◆ **TASK PROMPT**
In the material below, the required lines run from the one containing "Post Falls, ID" through the one containing "Mark Francis, White Light (Fission), 2019". Copy those lines exactly, ends included, and nothing else.

◆ **WORKING DATA**
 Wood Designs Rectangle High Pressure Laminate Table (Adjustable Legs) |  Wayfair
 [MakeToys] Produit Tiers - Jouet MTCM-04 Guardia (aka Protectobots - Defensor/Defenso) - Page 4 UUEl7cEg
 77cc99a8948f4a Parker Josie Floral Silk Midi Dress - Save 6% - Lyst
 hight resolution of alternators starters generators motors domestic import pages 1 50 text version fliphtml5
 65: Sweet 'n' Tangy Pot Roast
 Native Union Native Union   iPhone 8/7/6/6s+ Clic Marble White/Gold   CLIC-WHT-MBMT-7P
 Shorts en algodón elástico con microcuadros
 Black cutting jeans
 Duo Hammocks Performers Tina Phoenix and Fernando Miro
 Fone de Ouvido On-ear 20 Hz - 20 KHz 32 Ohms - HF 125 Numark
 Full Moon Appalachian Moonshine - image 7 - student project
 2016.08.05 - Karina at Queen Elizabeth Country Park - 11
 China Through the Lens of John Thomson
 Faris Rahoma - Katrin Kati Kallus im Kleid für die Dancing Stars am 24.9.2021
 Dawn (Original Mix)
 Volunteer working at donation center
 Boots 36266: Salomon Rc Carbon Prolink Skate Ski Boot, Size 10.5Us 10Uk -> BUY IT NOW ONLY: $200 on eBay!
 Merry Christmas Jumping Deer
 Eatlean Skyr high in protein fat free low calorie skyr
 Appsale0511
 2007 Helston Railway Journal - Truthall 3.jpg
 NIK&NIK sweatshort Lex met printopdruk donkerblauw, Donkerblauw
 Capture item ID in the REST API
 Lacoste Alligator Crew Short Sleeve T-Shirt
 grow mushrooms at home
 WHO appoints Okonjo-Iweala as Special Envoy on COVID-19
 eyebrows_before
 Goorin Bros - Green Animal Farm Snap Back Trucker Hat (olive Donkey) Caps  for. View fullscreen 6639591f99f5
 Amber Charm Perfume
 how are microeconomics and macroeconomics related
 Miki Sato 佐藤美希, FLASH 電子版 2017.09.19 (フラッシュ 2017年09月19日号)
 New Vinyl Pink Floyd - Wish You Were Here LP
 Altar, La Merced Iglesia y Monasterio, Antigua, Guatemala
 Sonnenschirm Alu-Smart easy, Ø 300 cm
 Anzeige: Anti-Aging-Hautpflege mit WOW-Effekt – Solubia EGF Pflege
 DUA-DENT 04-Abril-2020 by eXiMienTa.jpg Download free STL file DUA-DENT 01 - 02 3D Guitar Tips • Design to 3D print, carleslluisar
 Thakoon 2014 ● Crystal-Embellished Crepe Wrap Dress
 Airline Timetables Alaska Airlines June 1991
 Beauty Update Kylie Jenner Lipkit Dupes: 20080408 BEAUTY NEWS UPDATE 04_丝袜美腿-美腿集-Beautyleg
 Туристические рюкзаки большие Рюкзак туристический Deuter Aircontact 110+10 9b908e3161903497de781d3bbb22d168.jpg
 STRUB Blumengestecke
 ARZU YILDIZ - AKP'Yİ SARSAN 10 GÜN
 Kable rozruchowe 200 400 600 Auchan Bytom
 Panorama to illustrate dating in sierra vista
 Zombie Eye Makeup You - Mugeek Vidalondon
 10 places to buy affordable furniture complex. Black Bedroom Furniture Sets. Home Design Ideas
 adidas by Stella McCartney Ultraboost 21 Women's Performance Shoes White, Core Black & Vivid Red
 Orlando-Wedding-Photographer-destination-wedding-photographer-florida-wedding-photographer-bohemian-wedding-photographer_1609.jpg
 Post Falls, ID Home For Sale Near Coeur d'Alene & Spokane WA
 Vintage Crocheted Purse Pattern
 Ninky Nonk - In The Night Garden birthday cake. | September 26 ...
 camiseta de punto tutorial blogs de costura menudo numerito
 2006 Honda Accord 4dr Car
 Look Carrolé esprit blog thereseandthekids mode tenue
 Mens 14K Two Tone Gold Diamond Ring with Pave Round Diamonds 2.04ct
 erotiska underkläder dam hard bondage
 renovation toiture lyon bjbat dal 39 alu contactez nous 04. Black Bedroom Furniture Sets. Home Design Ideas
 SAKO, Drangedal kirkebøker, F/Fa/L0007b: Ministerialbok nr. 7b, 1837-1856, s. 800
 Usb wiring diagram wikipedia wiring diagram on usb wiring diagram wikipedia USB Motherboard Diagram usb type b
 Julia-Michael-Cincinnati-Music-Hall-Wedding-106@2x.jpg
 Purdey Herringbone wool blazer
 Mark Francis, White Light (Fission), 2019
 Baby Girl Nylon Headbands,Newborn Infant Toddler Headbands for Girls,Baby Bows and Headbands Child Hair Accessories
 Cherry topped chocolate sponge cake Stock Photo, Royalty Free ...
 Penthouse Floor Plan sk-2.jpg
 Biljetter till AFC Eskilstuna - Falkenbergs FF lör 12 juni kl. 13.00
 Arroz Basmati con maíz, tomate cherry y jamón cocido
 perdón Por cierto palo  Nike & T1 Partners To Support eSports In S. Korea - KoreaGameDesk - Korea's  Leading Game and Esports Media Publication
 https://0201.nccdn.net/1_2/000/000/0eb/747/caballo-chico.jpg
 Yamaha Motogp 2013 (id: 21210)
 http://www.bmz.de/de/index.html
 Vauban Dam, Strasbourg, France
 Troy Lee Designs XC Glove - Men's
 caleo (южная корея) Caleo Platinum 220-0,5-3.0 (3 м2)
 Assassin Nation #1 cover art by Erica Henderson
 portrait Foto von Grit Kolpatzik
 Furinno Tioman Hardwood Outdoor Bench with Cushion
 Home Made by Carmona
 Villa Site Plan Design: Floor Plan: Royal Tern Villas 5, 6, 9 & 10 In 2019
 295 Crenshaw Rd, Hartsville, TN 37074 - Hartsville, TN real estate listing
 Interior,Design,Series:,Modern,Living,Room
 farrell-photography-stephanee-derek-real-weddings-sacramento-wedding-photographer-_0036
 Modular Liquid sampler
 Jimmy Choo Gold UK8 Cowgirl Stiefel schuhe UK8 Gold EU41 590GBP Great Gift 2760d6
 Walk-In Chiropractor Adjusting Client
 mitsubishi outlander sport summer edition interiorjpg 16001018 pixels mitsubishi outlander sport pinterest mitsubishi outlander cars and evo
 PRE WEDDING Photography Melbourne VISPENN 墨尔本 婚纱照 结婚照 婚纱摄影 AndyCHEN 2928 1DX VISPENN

◆ **ANSWER BELOW**
 Post Falls, ID Home For Sale Near Coeur d'Alene & Spokane WA
 Vintage Crocheted Purse Pattern
 Ninky Nonk - In The Night Garden birthday cake. | September 26 ...
 camiseta de punto tutorial blogs de costura menudo numerito
 2006 Honda Accord 4dr Car
 Look Carrolé esprit blog thereseandthekids mode tenue
 Mens 14K Two Tone Gold Diamond Ring with Pave Round Diamonds 2.04ct
 erotiska underkläder dam hard bondage
 renovation toiture lyon bjbat dal 39 alu contactez nous 04. Black Bedroom Furniture Sets. Home Design Ideas
 SAKO, Drangedal kirkebøker, F/Fa/L0007b: Ministerialbok nr. 7b, 1837-1856, s. 800
 Usb wiring diagram wikipedia wiring diagram on usb wiring diagram wikipedia USB Motherboard Diagram usb type b
 Julia-Michael-Cincinnati-Music-Hall-Wedding-106@2x.jpg
 Purdey Herringbone wool blazer
 Mark Francis, White Light (Fission), 2019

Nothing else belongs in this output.